Mr. Williamson's death was announced by his son Luke nearly six weeks after the actor expired on Dec. 16 in Amsterdam. The Dutch city had been the actor's home for the past two decades.

In the early years of his career, Mr. Williamson was heralded as one of the greatest British talents of his generations, an equal to his contemporary Albert Finney. Playwright John Osborne once described him as "the greatest actor since Marlon Brando." Mr. Williamson won international acclaim playing a self-hating lawyer in Osborne's Inadmissable Evidence. When he performed the role on Broadway in 1966, he won a Tony nomination for his work, as well as a New York Drama Critics Circle Award. He was nominated for another Tony for his Uncle Vanya in 1974. In 1970 he was invited to the White House to present a series of excerpts from Shakespearean dramas. Around the same time, he was the subject of a lengthy Kenneth Tynan profile in the New Yorker.

But Mr. Williamson's volatile personality—fueled by excessive drinking and general discomfort and borderline contempt with the attitudes of the theatrical world—derailed the upward ascent of his career. He became known as a man as capable of theatrics off the stage as on. One legendary story had him punching the powerful producer David Merrick while performing in a Philadelphia tryout of Inadmissible Evidence.
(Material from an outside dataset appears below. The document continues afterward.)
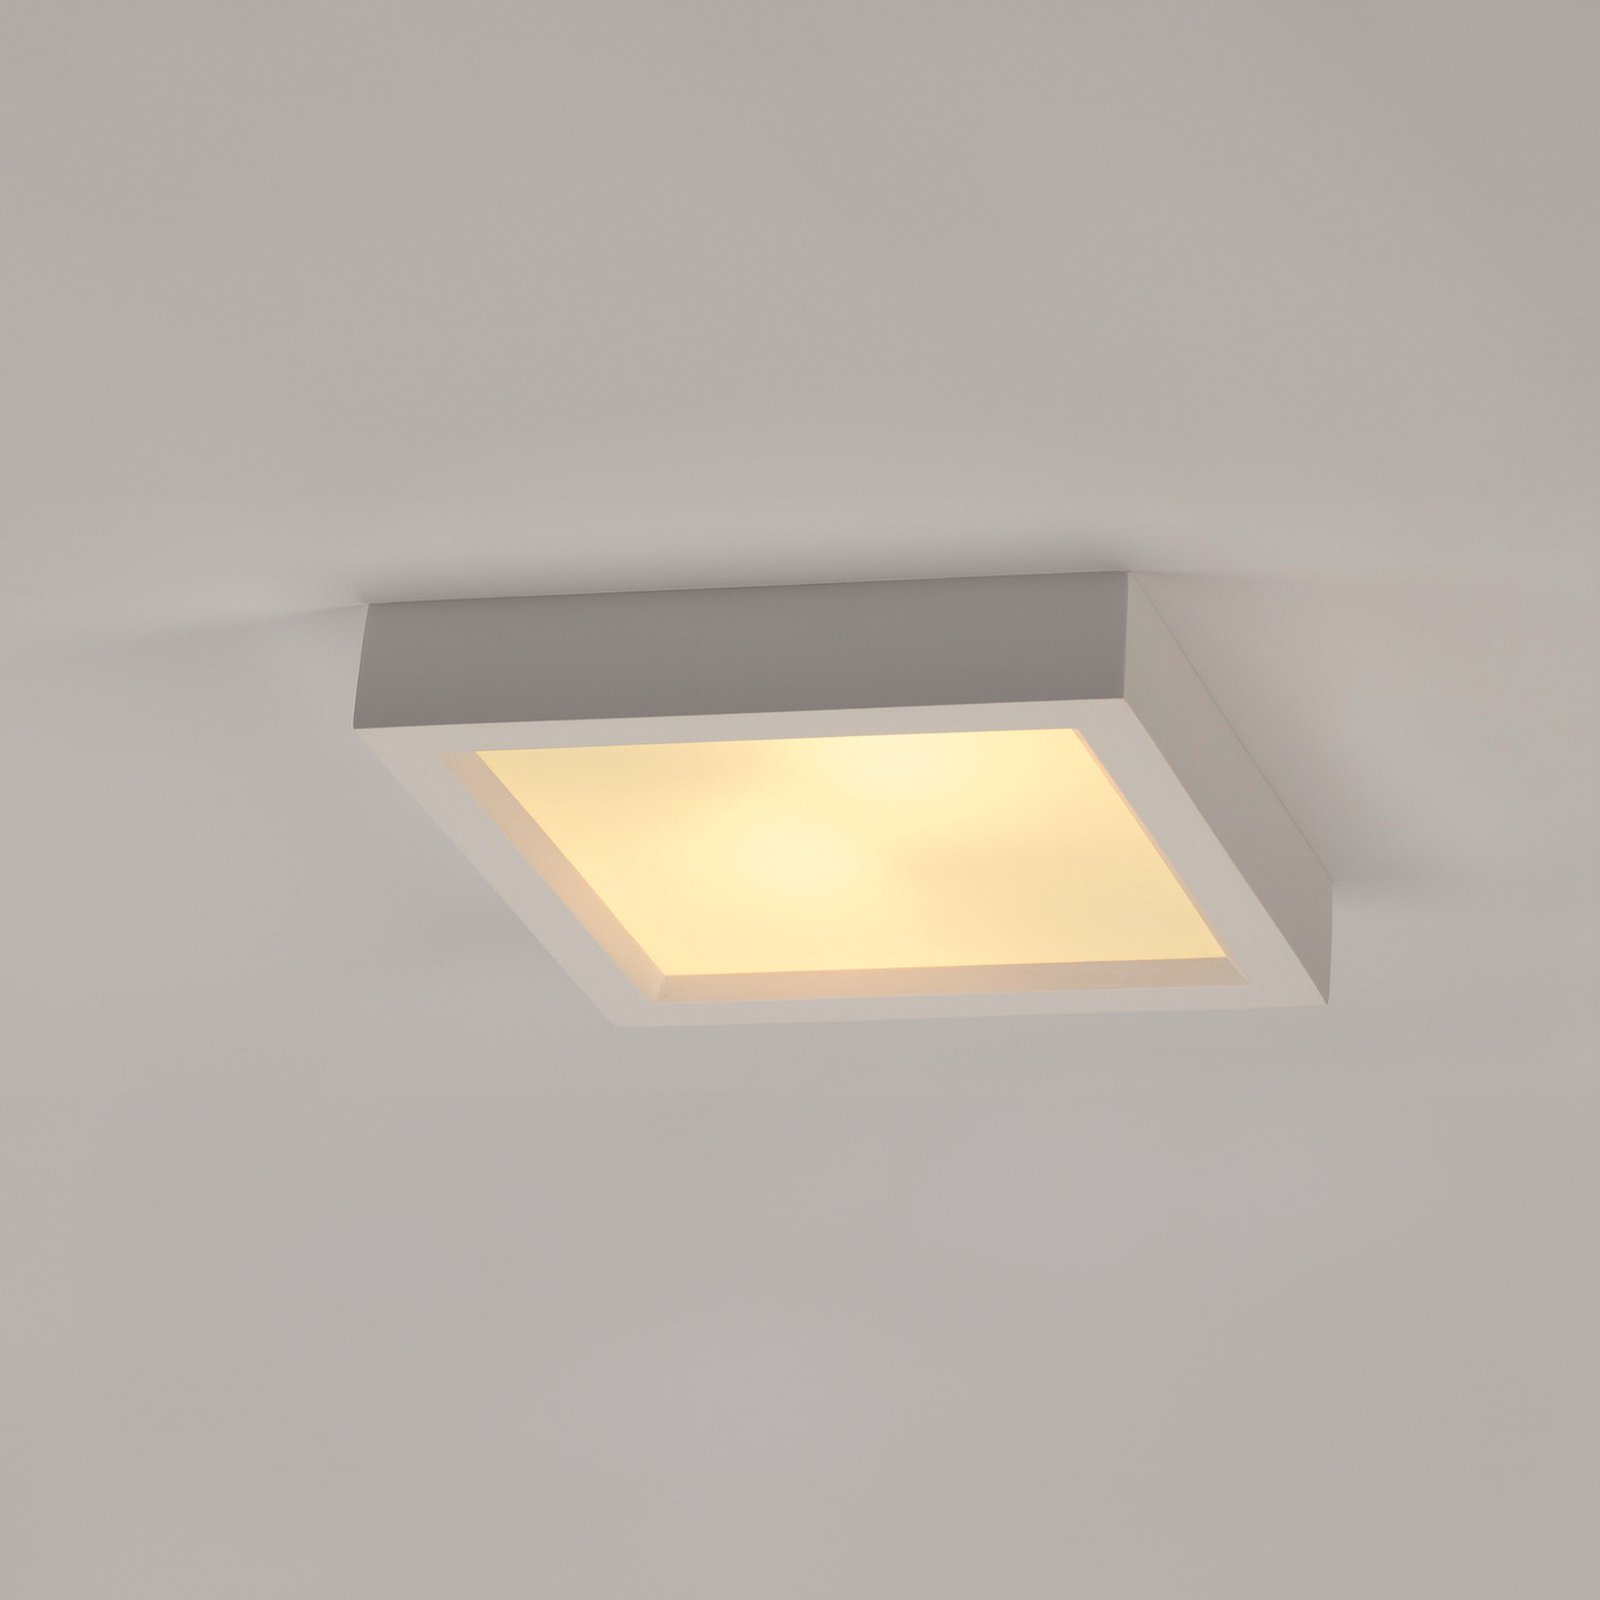 Lampa sufitowa SLV Plastra 104, biały, gips, szerokość 25 cm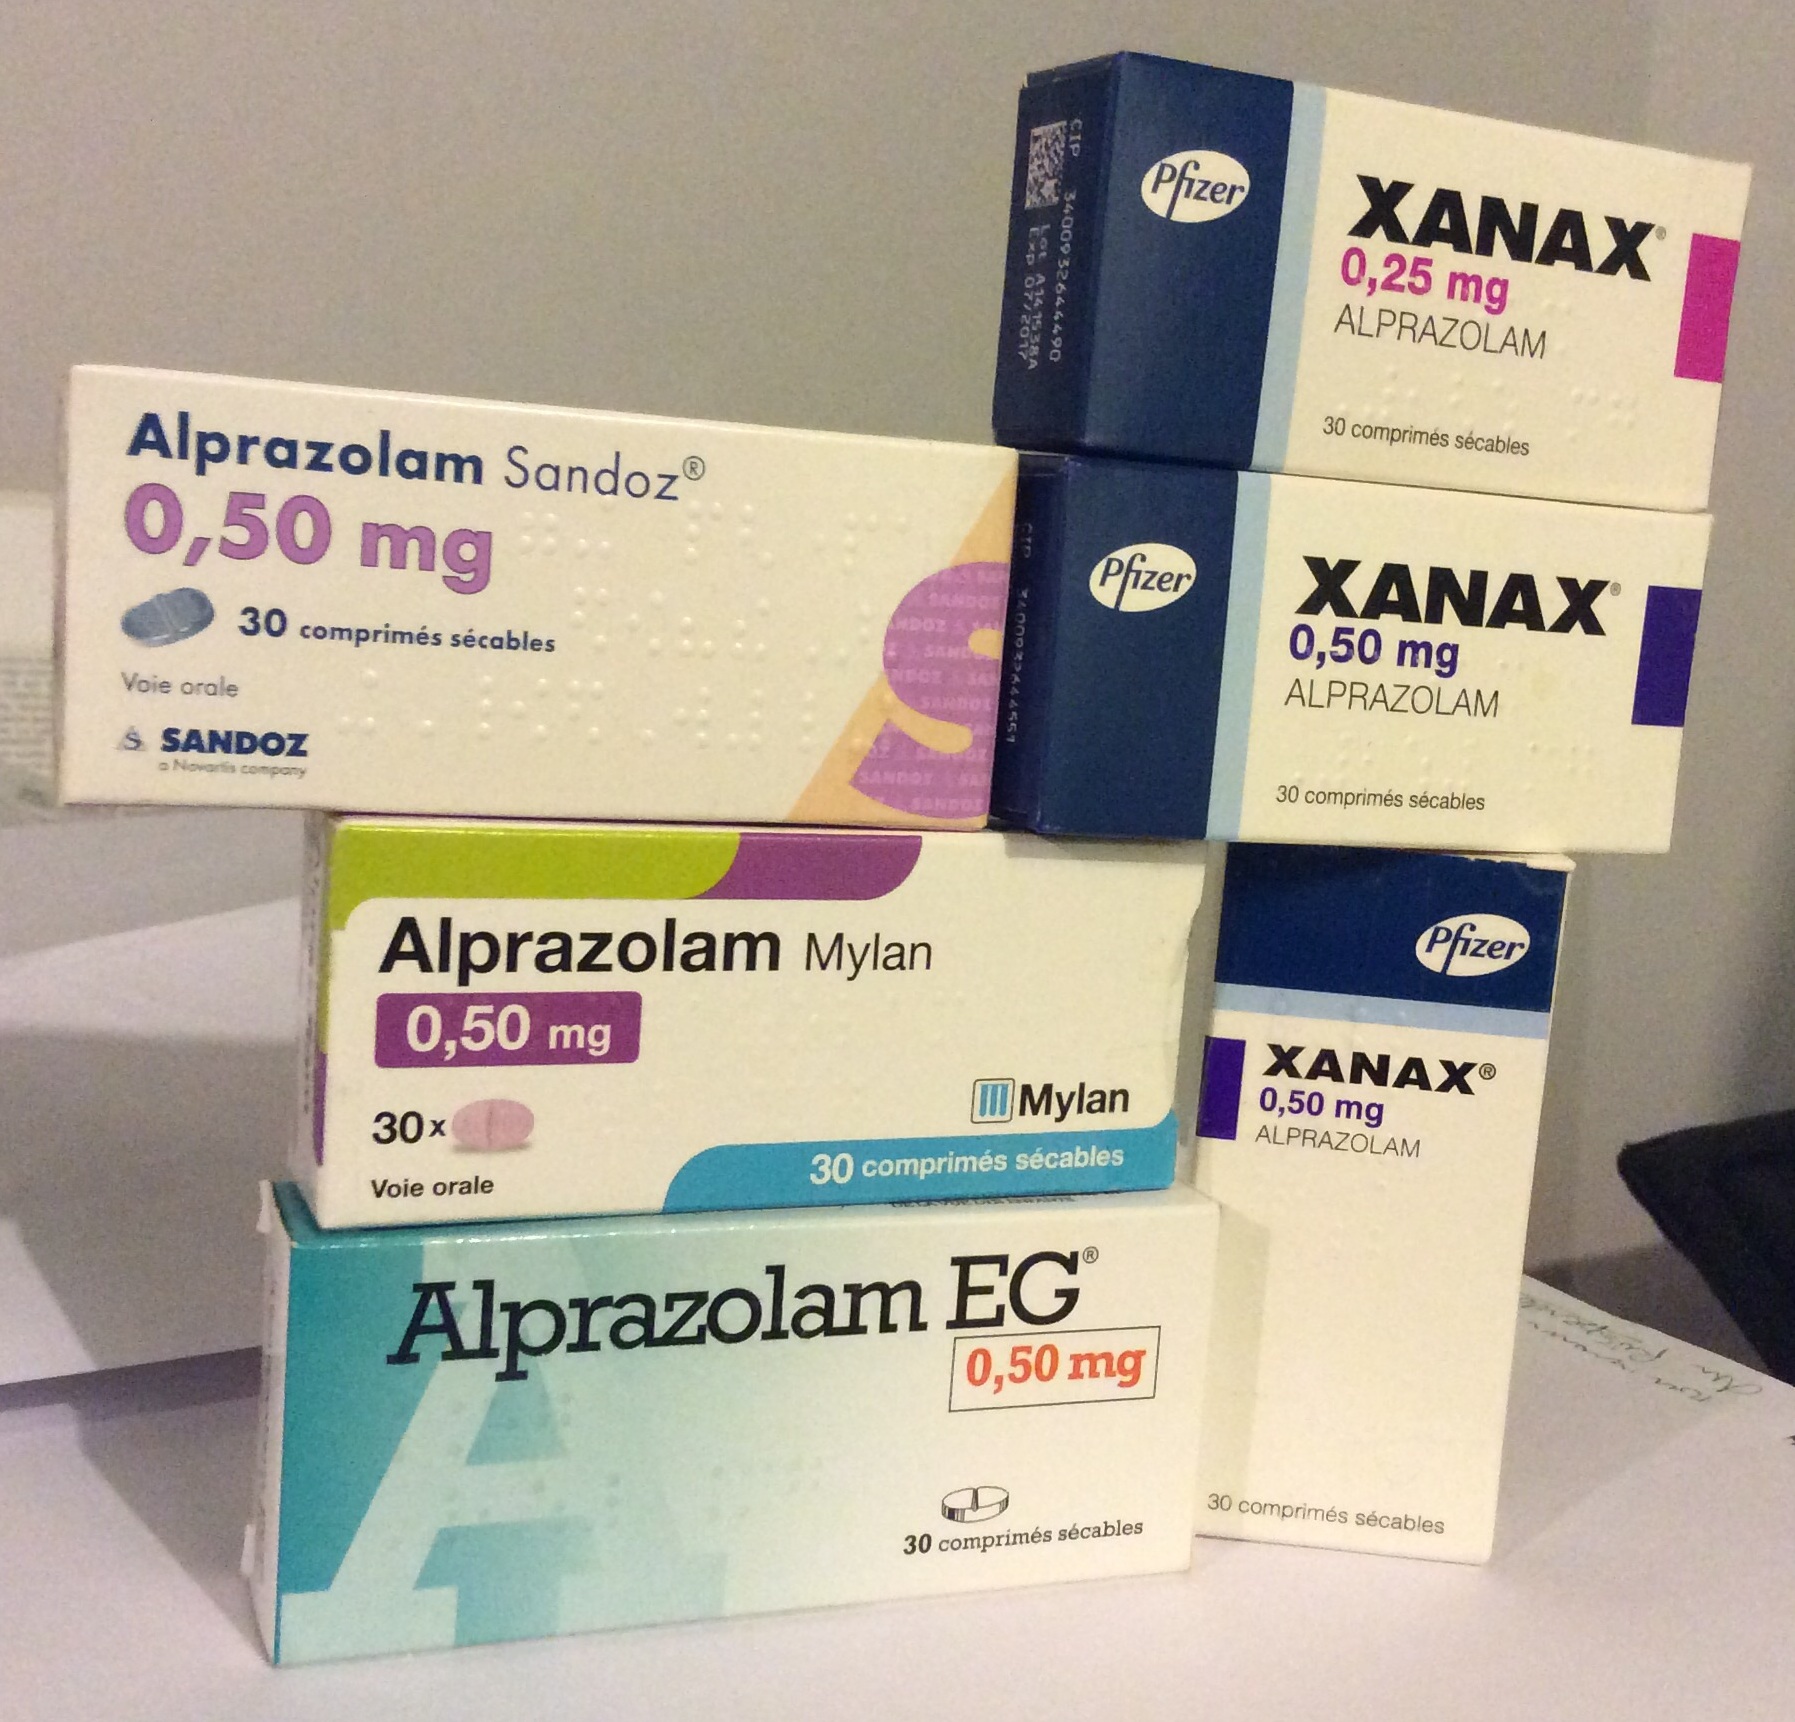 Satılık Xanax Alprazolam Tabletler

When asked why he did it, the actor said the producer had it coming to him.

In the 1976 Broadway production of Rex, he struck an actor during a curtain call because he had spoken to someone next to him during Mr. Williamson's bow.

Fifteen years later, Mr. Williamson played the ghost of another self-destructive actor, John Barrymore, in the Broadway premiere of Paul Rudnick's comedy I Hate Hamlet. The production became notorious for the actor's erratic behavior. He frequently broke character and talked to the audience, often deriding the play and his co-stars. During one performance, in the middle of a sword fight, he swatted fellow actor Evan Handler across the backside with his weapon. Mr. Williamson later said he did it to get Handler to "put some life into it! Use your head! Give it more life!" Handler reacted by storming off the stage, leaving the theatre and never returning.

Left onstage alone, the actor turned to the audience and said, "Well, should I sing?"

Perversely, Mr. Williamson's next, and final, appearance on a New York stage was in 1996's Jack: A Night on the Town With John Barrymore, an evening he devised.

Nicol Williamson was born Sept. 24, 1938, in Hamilton, Scotland. He was trained at the RSC and made his professional debut with the Dundee Rep in 1960. He bowed in London the following year in a production of A Midsummer Night's Dream directed by Tony Richardson. With Inadmissible Evidence in 1964, he became a star. He repeated his performance in a 1968 film. That same year, he performed his Hamlet in London, alongside Anthony Hopkins and Marianne Faithfull (with whom he had an affair). He repeated it on Broadway and on film in 1969. The interpretation—directed by Richardson and described as "scruffy, raunchy and crude" by the New York Times—was controversial, with as many supporters as detractors. London, in general, praised the unorthodox approach, while Broadway critics hammered it.

Even this achievement wasn't without a Williamson touch. In the middle of one performance, he apologized to the audience and announced he was retiring.

His films included "The 7 Percent Solution," "Robin and Marian," "The Goodbye Girl," "The Cheap Detective" and "Excalibur."

According to reports, the actor died in relative poverty. If Mr. Williamson was repentant or regretful about the trajectory his career and life had taken, he never let on. "I don't notice competition," he once said. "I'm a center-forward. I don't watch them. Let them watch me."